Additional software carpentry lessons we did not cover today

We did not cover all lessons in the software carpentry suite today. After today’s workshop you may find it helpful to navigate your own way through the remainder of the lessons to sharpen your new git skills.

A list of additional git novice lessons:

Where to get help

References for git/GitHub

Git cheat sheets:

Resources

  • An interactive one-page visualisation about the relationships between workspace, staging area, local repository, upstream repository, and the commands associated with each (with explanations).
  • Both resources are also available in other languages (e.g. Spanish, French, and more).
  • Happy Git and GitHub for the useR” is an accessible, free online book by Jenny Bryan on how to setup and use Git and GitHub with specific references on the integration of Git with RStudio and working with Git in R.
  • Open Scientific Code using Git and GitHub - A collection of explanations and short practical exercises to help researchers learn more about version control and open source software.

Help on error messages

These helpful coding tips have been inspired by Y. Wendy Huynh from R for Graduate Students…(p.s. yes I know we are using git and not R here, but many tips still apply 😄)

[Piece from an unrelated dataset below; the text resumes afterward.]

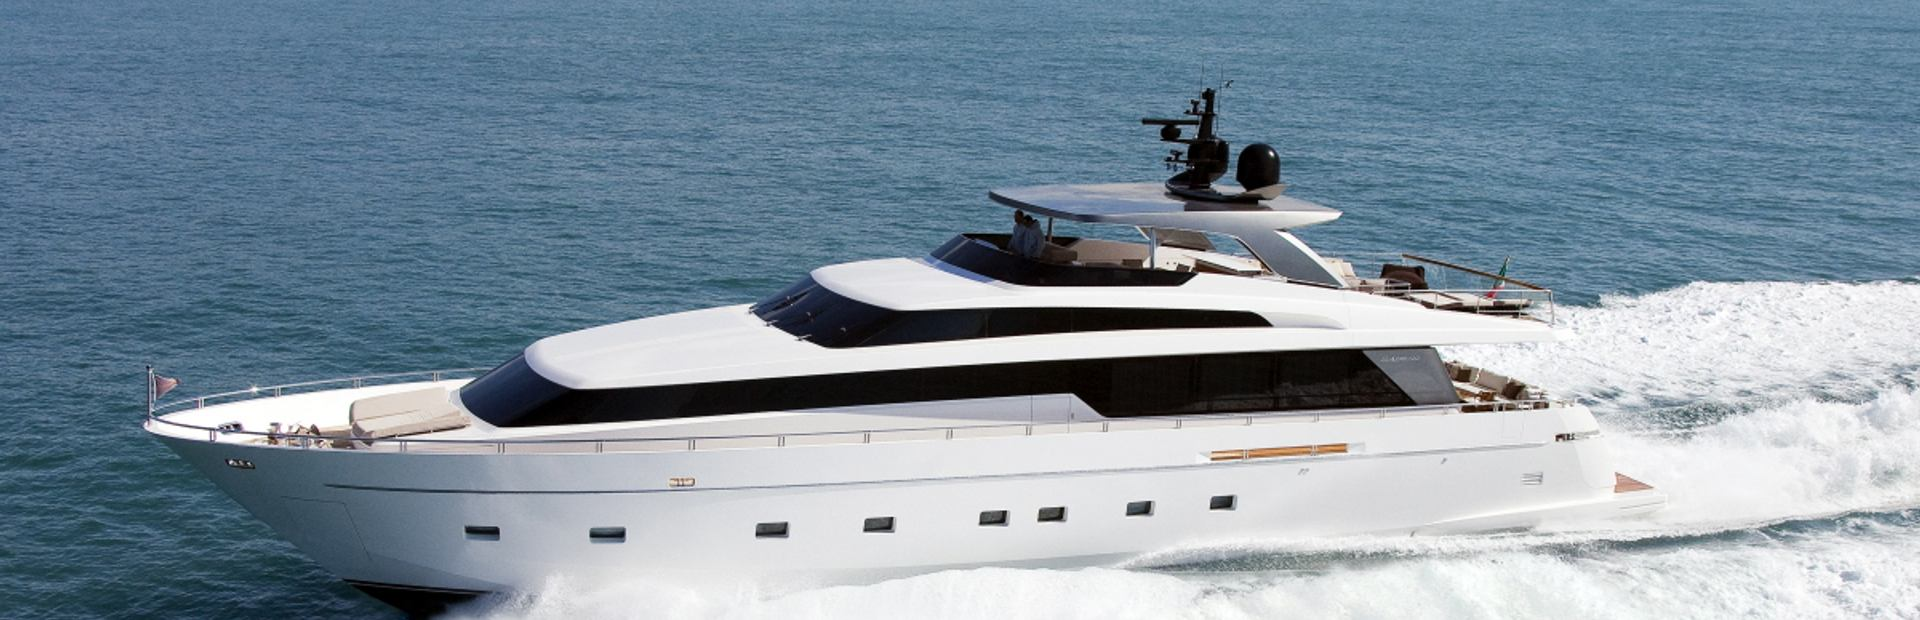 SL100 Yacht Charter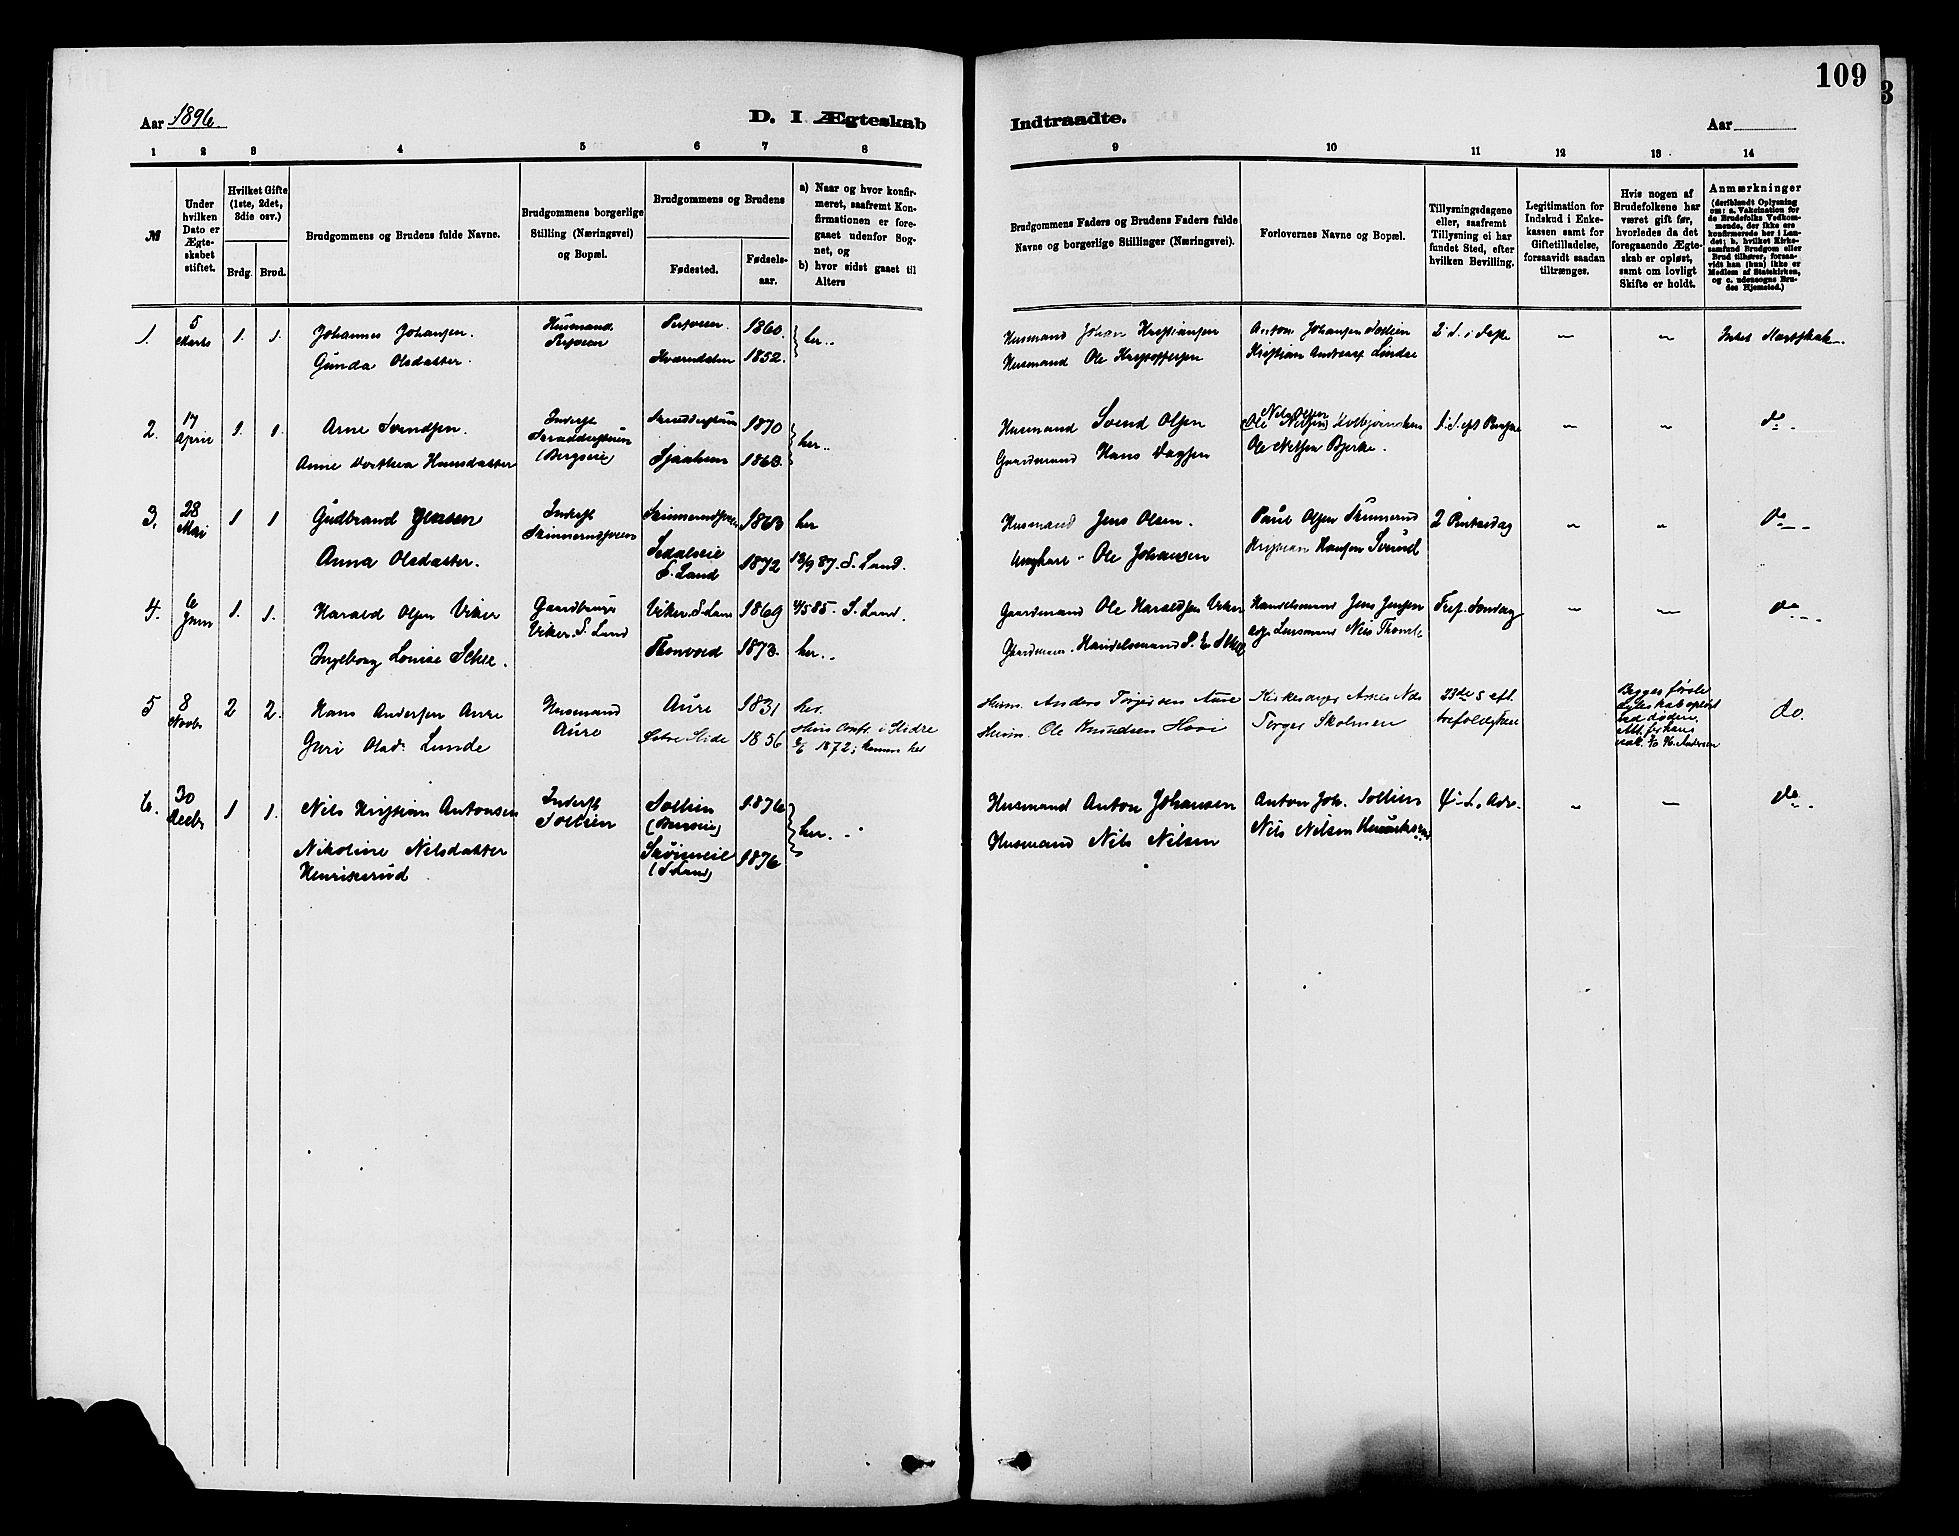 SAH, Nordre Land prestekontor, Ministerialbok nr. 3, 1882-1896, s. 109

Some common mistakes to watch out for when coding

  • Capitalization
    • You typed an uppercase letter when you should have typed a lowercase letter (vice versa).
    • Depending on the situation capitalization does not always matter but to be safe its best to make sure it does match.
  • Mis-spelling
    • Sounds obvious but might be surprised out often this is the problem (especially when starting out). Use the tab auto-complete features where possible or the old copy-and-paste usually works.
  • Closing Punctuation
    • Don’t forget to close any parentheses, bracket, or quotation if you use them.

Searching the web

As you navigate the world of code let me introduce you to your new bestfriend…Stack overflow. An excellent resource to find help on error messages for new and experienced users alike!

Everybody – beginner and expert alike – will Google how to code something at some point. The real skill that experts have over beginners is that experts know how to strategically Google. For that, you want to master these skills:

  • Make sure that your question is specific and reproducible.
  • Don’t forget to include the language/tool you are using e.g. “git”.
  • Remove text which is specific to you (i.e. the name of your repository or file).

Searching an error message

You received the following error message and wanted to find help on the web. What parts would you put into a search engine?

ERROR 

From https://github.com/siobhon-egan/planets
   1e7a65e..2b65923  master     -> origin/master
error: Your local changes to the following files would be overwritten by merge:
	myNewFile.sh
Please commit your changes or stash them before you merge.
Aborting
  • Including the first two lines of the output in the search won’t help, as the repository URL and commit log ID are unique to me.
  • The third line (error: Your local changes to the following files would be overwritten by merge:) tell us the type of error encountered here. This is probably going to be the most helpful to enter into a search engine.
  • The fourth line is just the name of my new file in the directory and won’t be helpful.
  • The fifth line explains how to fix the error, but you may not know exactly the steps to do this. Searching for help on this line might also retrieve some useful tips
  • Searches for the final line (Aborting) probably won’t yield many useful results.

Key Points

  • Keep a copy of GitHub cheat-sheet handy when starting out. PDF copy
  • GitHub Docs pages is your go-to for extensive documentation.